Roles and Responsibilities :
- Own the Infrastructure, APM and work with Developers and Systems engineers to Build, Release, Monitor and run the services reliability exceeding the agreed SLAs.
- Write software to automate API-driven tasks at scale and contribute to the product codebase in Java, JS, React, Node, Go and Python
- Write automation to reduce toil and eliminate manual tasks that are repeatable.
- Work with Ansible, Puppet, Chef, Terraform or another config management / orchestration suite, know where it's broken, work towards fixing them and explore new alternatives
- Define and accelerate implementation of support processes, tools and best practices
- Maintain services once they are live by measuring and monitoring availability, latency and overall system reliability
- Handle cross team performance issues from identification of the cause, determining the areas of improvement and driving those actions to closure
- Performance and maturity baselining of Systems, tools maturity & coverage, metrics, technology and engineering practices
- Define, Measure and improve Reliability Metrics (SLO/SLI), Observability (Monitoring, Logging-Tracing solutions), Ops process (Incident, Problem Mgmt) and streamline automate release management.
- Build dashboards to provide visibility into performance of the applications.
- Create chaos in the production environment purposefully in a controlled manager to validate reliability of systems.
- Mentor and coach other SREs in the organization
- Provide written and verbal updates to executives and the stakeholders of the application in the organization.
- Understand the current process, system setup and propose the improvements needed in the processes, and technology so that the application exceeds the desired Service Level Objective.
- Strong believer of automation to bring in sustained continuous improvement by automating Toil, Runbooks, improving ability of the applications to auto heal leading to improved reliability
Must Have Skills :
- The successful candidate will have the following attributes/qualifications :
- 15+ years of experience in Development and Operations of applications/services in production that has uptime over 99.9%.
- 8+ years of experience as a SRE in handling applications that are web scale
- Strong hands-on coding experience in one or more programming languages such as Python, Golang, Java, Bash, etc.

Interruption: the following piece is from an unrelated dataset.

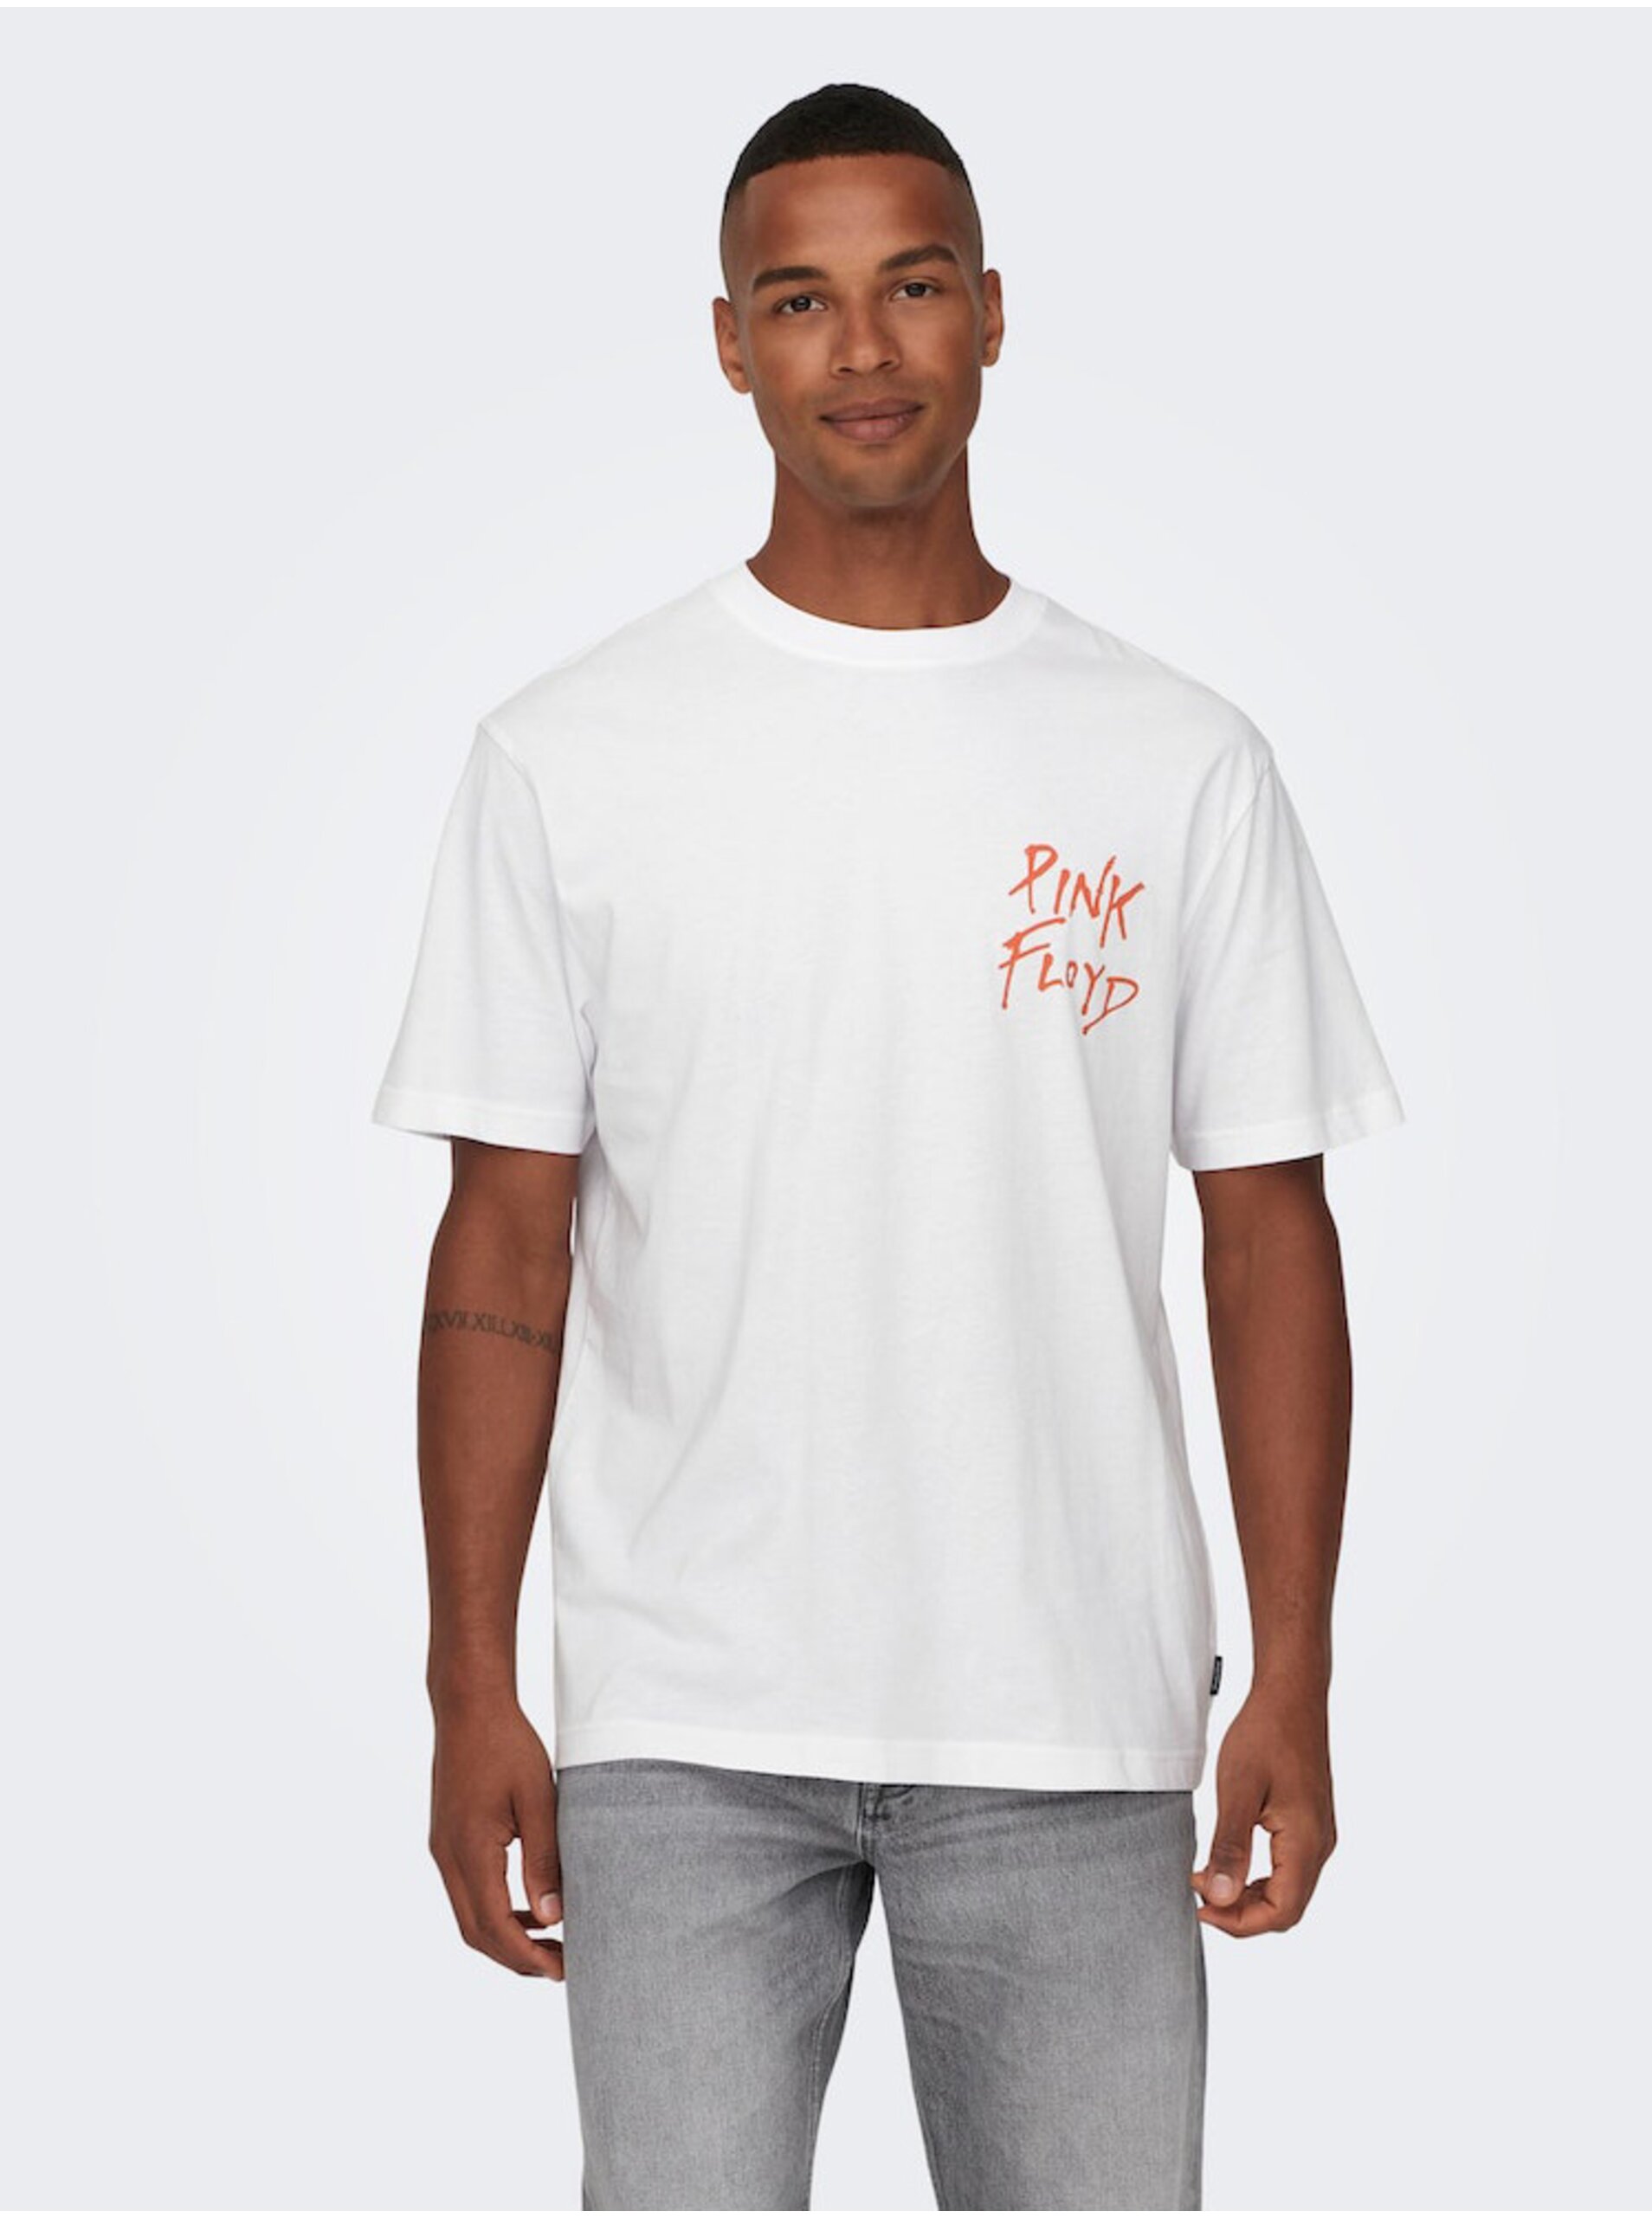 E-shop Biele pánske tričko s krátkym rukávom ONLY & SONS Pink Floyd

- Good understanding of Observability (monitoring, logging, tracing, metrics), Chaos engineering concepts.
- Proficiency in using Observability tools (example : New Relic, Datadog, etc) for monitoring, logging, tracing.
- Expert level hands on knowledge in public cloud platform AWS and/or Google Cloud Platform. Professional level certificate on one of the public clouds is highly desirable.
- Must have hands-on experience in using configuration management systems such as Ansible or SaltStack and infrastructure automation tools like Terraform or CloudFormation.
- Should have used altering systems such as Pager Duty.
- Should have implemented solutions around Service Level Indicators (SLIs) and Service Level Objectives (SLOs) for services.
- Measurement should have been within a system and across systems in distributed systems
- Should have supported Production Incidents (PIs) on critical applications of a company. Troubleshoot, debug, and diagnose operational issues and drive them to closure.
- Understanding of software delivery life cycles, particularly Agile/Lean & DevOps - Proven experience in handling large scale and growing infrastructure across Data Centers and heterogeneous Cloud platforms
- Experience as a service owner in managing large geographically diverse stakeholders
- Ability to work with creative fast growing engineering team and motivate them to deliver their best work
- History of driving innovation.
Good to Have Skills :
- Familiarity with handling :
- Containerization Kubernetes, Docker, Rancher, etc
- Kafka, Yarn, ElasticSearch etc.
- Source code management and Implementation of Security best practices.
- Tech Stack - Python, Falcon, Elastic Search, MongoDB, AWS (SQS S3), Map Reduce.
- Networking knowledge
- Understanding of software delivery life cycles, particularly Agile/Lean & DevOps
- Contribution to open source community
- Qualification :Masters or Bachelors degree in Computer Science Engineering, or a related technical degree.